フェアリーテイル
一度しかライネの部屋には行っていないのに、何故かはっきりとここがそうだとミリアにはわかった。
そういう風に出来ているのかもしれない。
妙に落ち着いて、ミリアは部屋の扉を叩いた。中からライネの声がして、ミリアは扉をゆっくりと開いた。
「ミリア…」
焦燥した表情のライネが、ソファに座っていた。
ミリアはゆっくりと部屋に入ると、ライネの傍まで歩いていった。
じっと見つめると、ライネは困ったように微笑んだ。
ミリアはソファに無言で座ると、じっとライネを見つめる。
「私、聞きたいことがあるの」
静かな口調で、思ったよりもすんなりと言えたとミリアは思った。
ライネもミリアが部屋に来たことで落ち着いたのか、静かに頷いた。
「…セイドリックさんから聞きました。私が…いいえ、この世界に誰かが呼ばれる理由」
「…そう」
「でも、あなたから聞きたかった。あなたが私を呼んだんだもの、私には聞く権利があるはずよ」
ミリアの言葉にライネは微笑んだ。
それはどこか悲しみを孕んだ笑みで、ミリアの胸がズキリと痛んだ。
「…最初に話しておけば、よかったのかもしれない」
ライネはそう言うと、小さな溜息を零した。
「言い訳はしないよ。僕は一つ、君に嘘をついていた。正確には嘘、というわけではないけれど」
ライネはどう言うべきか思案しているように視線をさまよわせると、すぐに真っ直ぐにミリアを見つめた。

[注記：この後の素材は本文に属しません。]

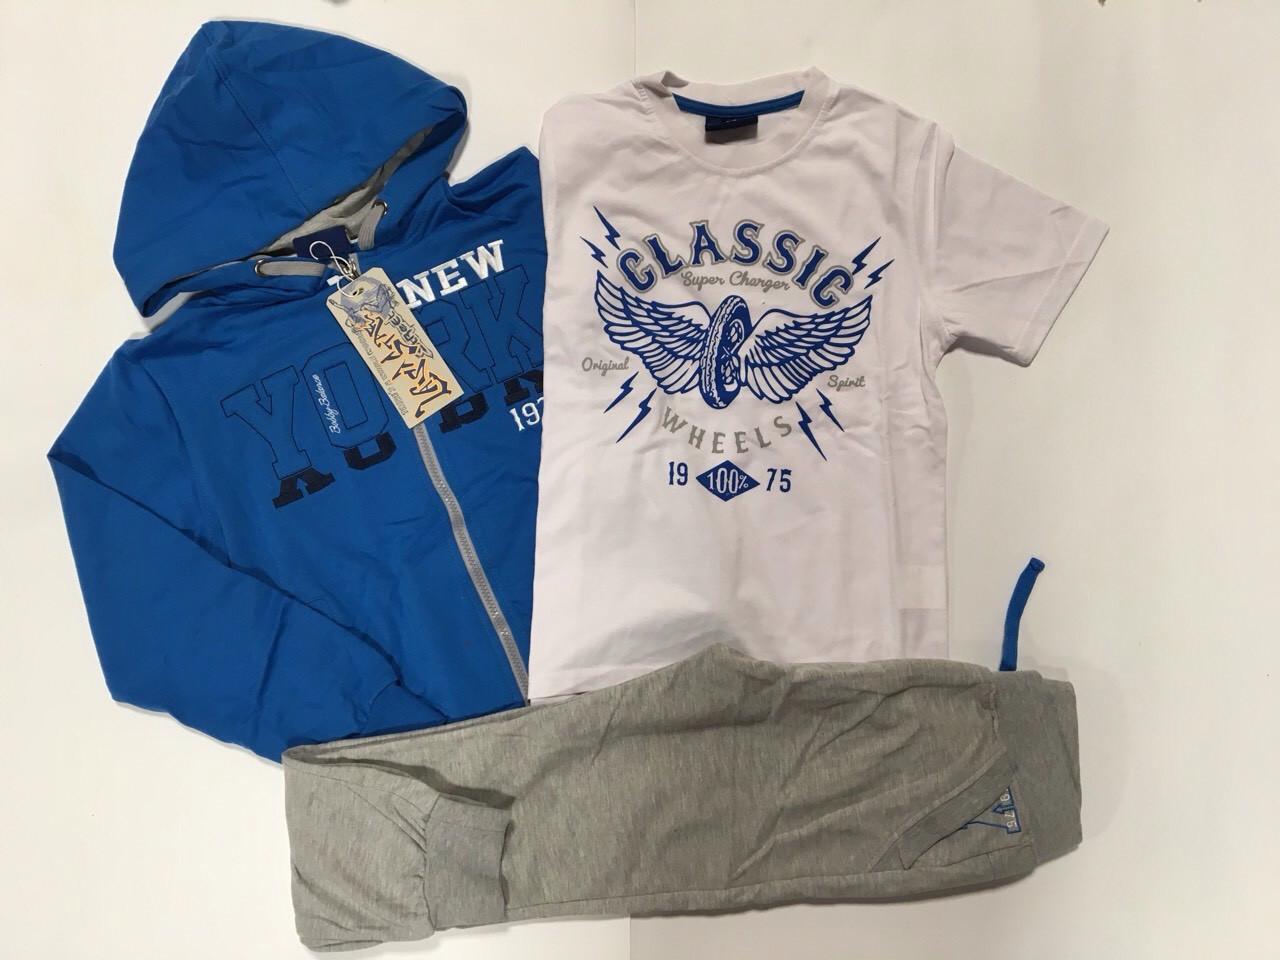 Спортивный костюм тройка для мальчика Last Star размер 9/10-15/16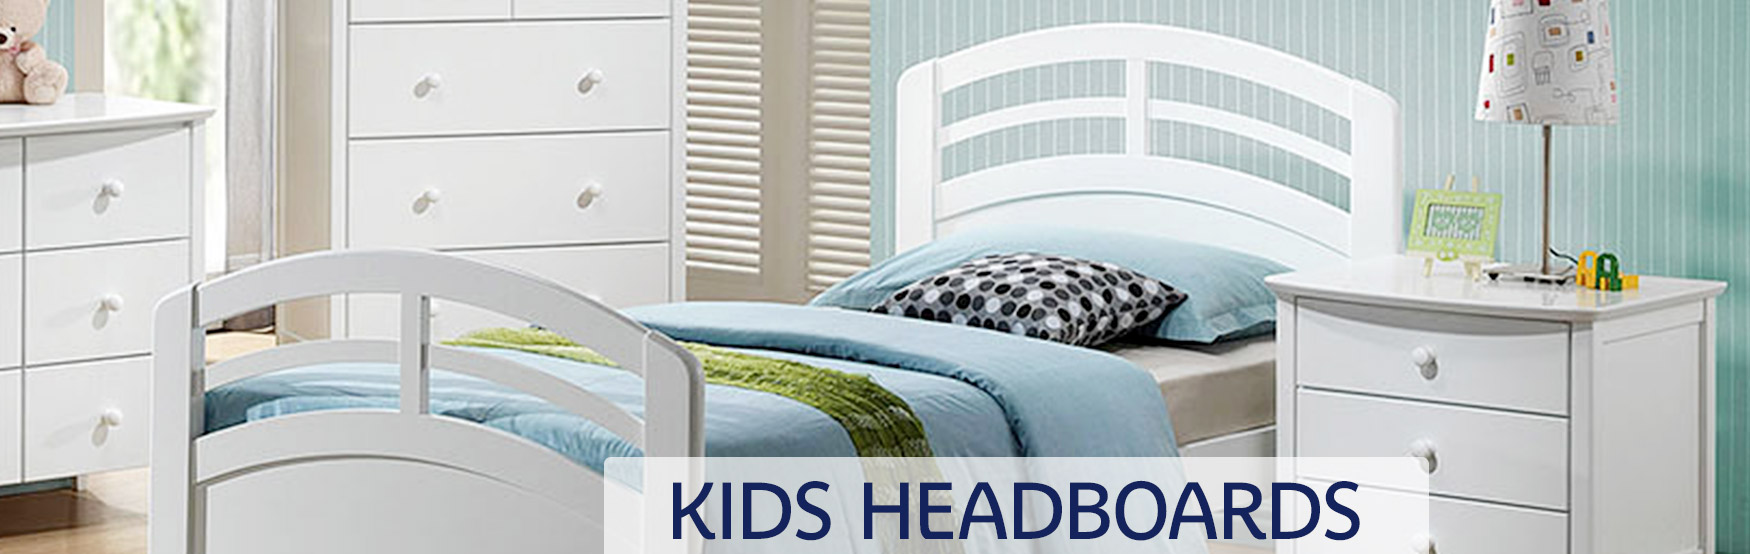 Kids Headboards Banner

「この世界を救う為に、クイーンになって欲しい。僕はそう言った。だけど、僕たちが新しい人を探すのには、大抵もうひとつ、理由がある」
この何処か歪んだ、愛すべきお伽の国を、一緒に創り上げていくひと。
それが必要なのだと、ライネは言った。
「愛する人と、一緒に」
そこまで言って、疲れきったようにライネは息を吐いた。
ミリアは、ただ黙ってライネの言葉に耳を傾けている。
「だけど、もちろんそれは必ずしもそうである必要はないんだ。僕は―…少なくとも、君を…」
ライネの瞳が一瞬熱を帯びる。
しかしすぐにその色は消えうせ、まるで廃人の様に輝きを無くす。
ミリアはぎゅっと手を握り締めながら、ライネの言葉を待った。
「僕は、君を愛せない。愛すことができない」
告げられた言葉は、ミリアの胸を抉る。
あぁ、こんなにもこの人のことを―…とっくに好きになっていた。
自覚すればするほど、涙が零れそうになる。それでもミリアは、唇を噛み締めてじっと耐えた。
「…私、もう一つ聞きたい」
ゆっくりと噛み締めるようにミリアは口に出した。
ライネはミリアから視線を逸らすと、先を促すように言った。
「どうして、愛せないの?どうして私を呼んだの?どうして…」
私じゃなきゃ、ダメだったの?
悲しみの海におぼれてしまえれば、いっそ楽だったのかもしれない。
やっとの思いで言葉に出すと、ライネは遠くを見るような目で口を開いた。
「そうだね…君には知る権利がある」
そう言って語りだされたのは、ライネの思い出だった。